The institutional certification should state whether the data will be submitted to an unrestricted or controlled-access database.

The institutional certification should assure:

  • Consistency with applicable law, regulation, policy. The data submission is consistent, as appropriate, with applicable national, tribal, and state laws and regulations as well as relevant institutional policies. (details below)
  • Data limitations are delineated. Any limitations on research use of the data, as expressed in the informed consent documents are delineated. (details below)
  • Data is confidential. The identities of research participants will not be disclosed to NIH-designated repositories. (details below)
  • IRB review. An IRB, privacy board, and/or equivalent body, as applicable, has reviewed the investigator’s proposal for data submission and assures that:
    • The protocol for the collection of genomic and phenotypic data is consistent with 45 CFR 46. (details below)
    • Data submission and subsequent data sharing for research purposes are consistent with the informed consent of the study participants from whom the data were obtained. (details below)
    • Consideration was given to risks to individual participants and their families associated with data submitted to NIH-designated repositories and subsequent sharing. (details below)
    • To the extent possible, consideration was given to risks to groups or populations associated with submitting data to NIH-designated repositories and subsequent sharing. (details below)
    • The investigator’s plan for de-identifying data sets is consistent with the standards outlined in the NIH GDS policy. (details below)

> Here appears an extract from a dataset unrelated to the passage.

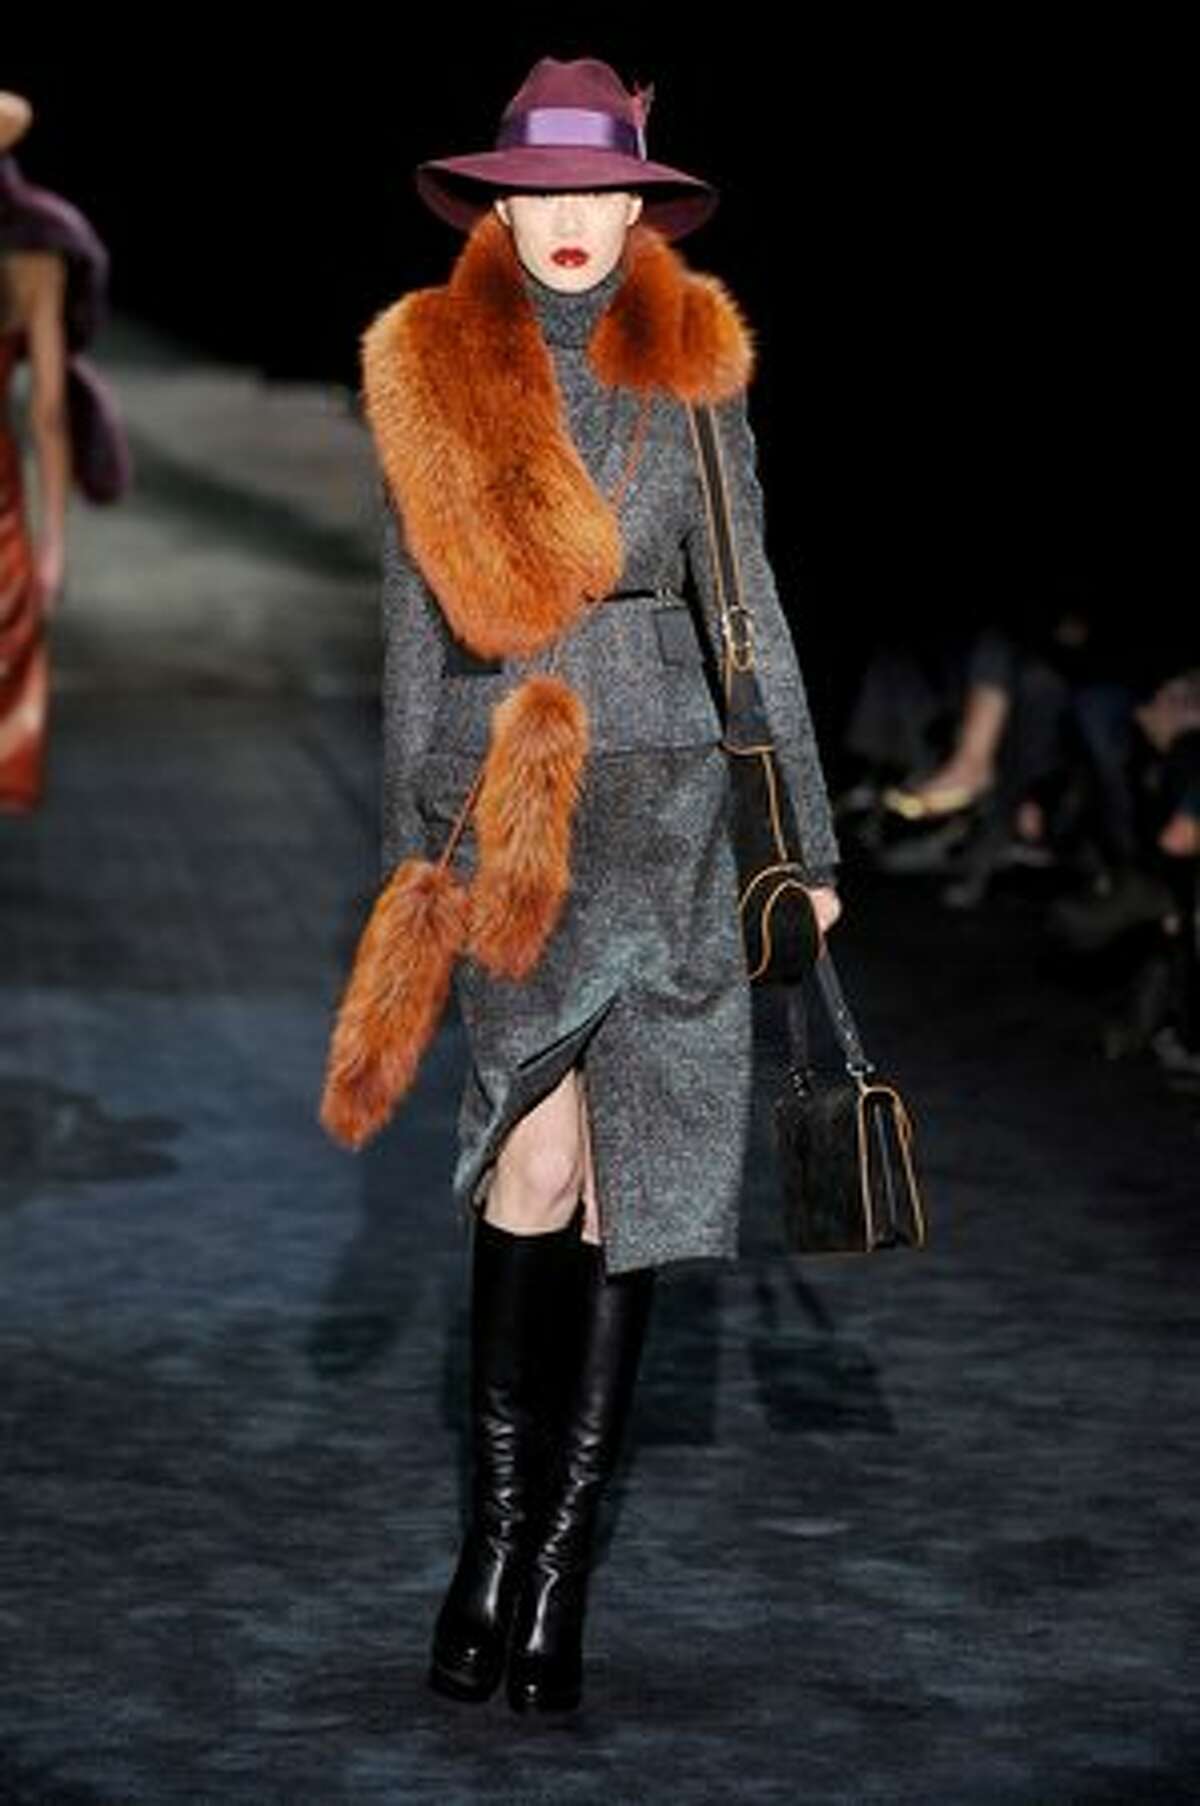 A model walks the runway during the Gucci Fashion Show as part of Milan Fashion Week Womenswear Autumn/Winter 2011on February 23, 2011 in Milan, Italy.

Consistency with Applicable Laws and Policies

HSD staff identify applicable laws and policies as they would for review of any application (GUIDANCE Human Subjects Regulations; WORKSHEET Pre-Review).

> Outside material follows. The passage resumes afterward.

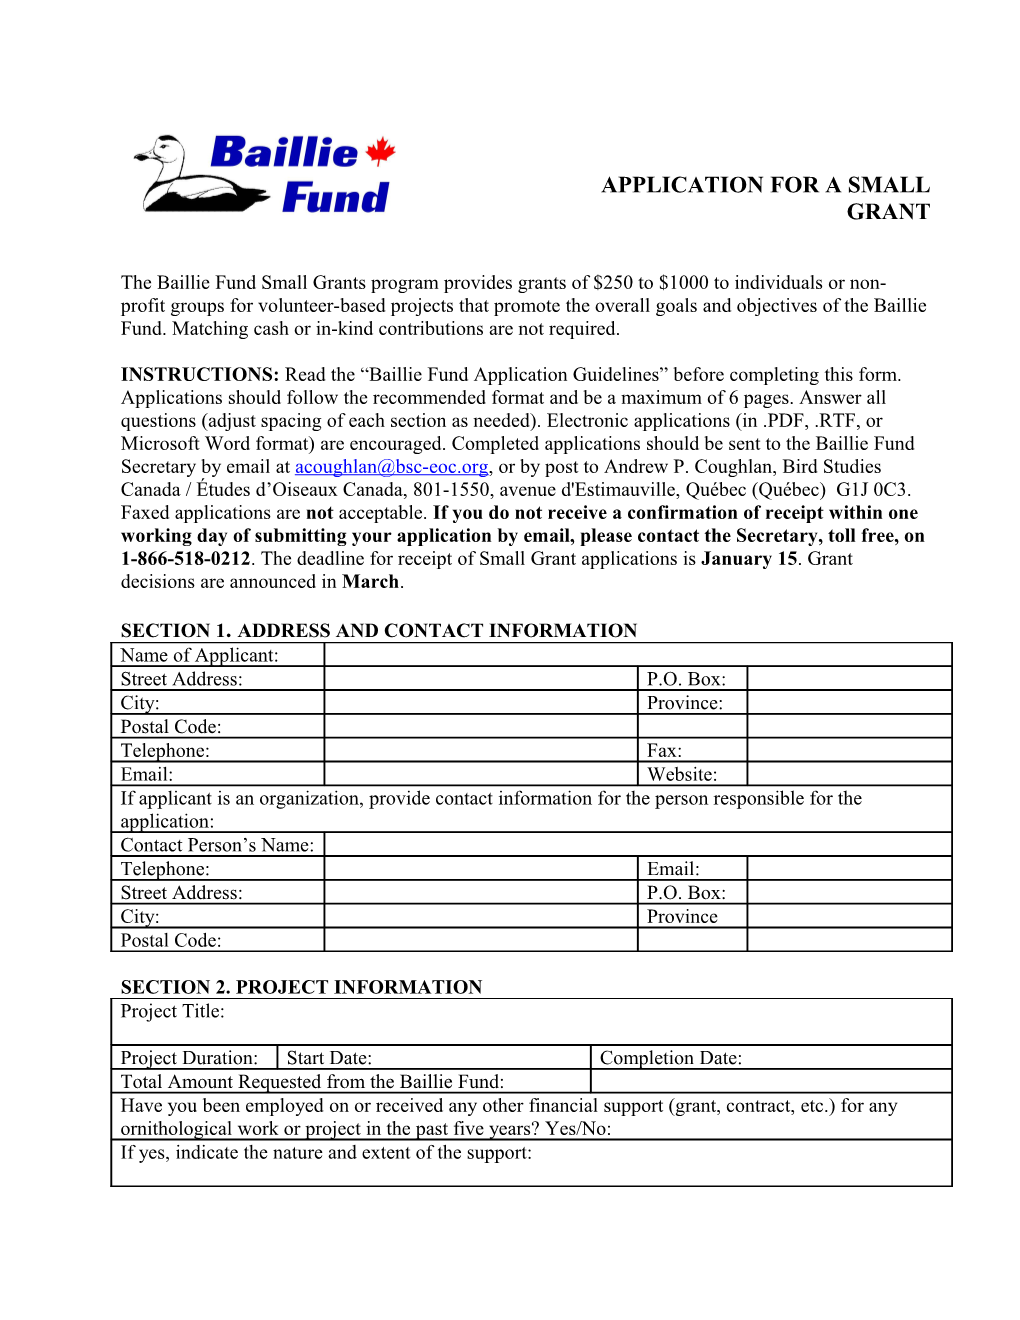 Application for a Small Grant

Applicable policies include HSD SOPs and may include UW Privacy Policies.

Applicable laws frequently include HHS human subjects protections regulations (45 CFR 46), FDA human subjects protection regulations (21 CFR Parts 50 and 56), and the Health Insurance Portability and Accountability Act Privacy Rule (45 CFR Part 160 and Part 164, Subparts A and E).

Data submission must also be consistent with applicable tribal laws when the data are from American Indian and Alaska Native peoples. For example, tribal nations have jurisdiction over research conducted on tribal lands with tribal citizens. In general, the IRB relies on the researcher to provide relevant information about tribal laws as requested in the IRB Protocol form.

Data Collection is Consistent with 45 CFR 46

Data collection procedures must be consistent with HHS human subjects protections regulations.

  • Prospectively collected data. This is verified either by the UW IRB review process or by relying on an external IRB for review.
  • Retrospectively collected data. This is verified by confirming that data were collected with IRB approval.

Consideration of Risks

Risk Assessment

The IRB considers the risks associated with the genomic information in the event of re-identification and disclosure. The IRB considers ways to minimize those risks within the context of the expected benefits of broad sharing.

The IRB also considers the extent to which genomic information associated with the participant could be used to identify an individual, or their family, by matching data sets to other sources of information.

UW considers the sharing of genomic data through NIH-designated repositories to involve minimal risk provided the criteria listed below are met. It is important to note that sharing of genomic information through NIH repositories that does not meet these criteria is not inherently more than minimal risk.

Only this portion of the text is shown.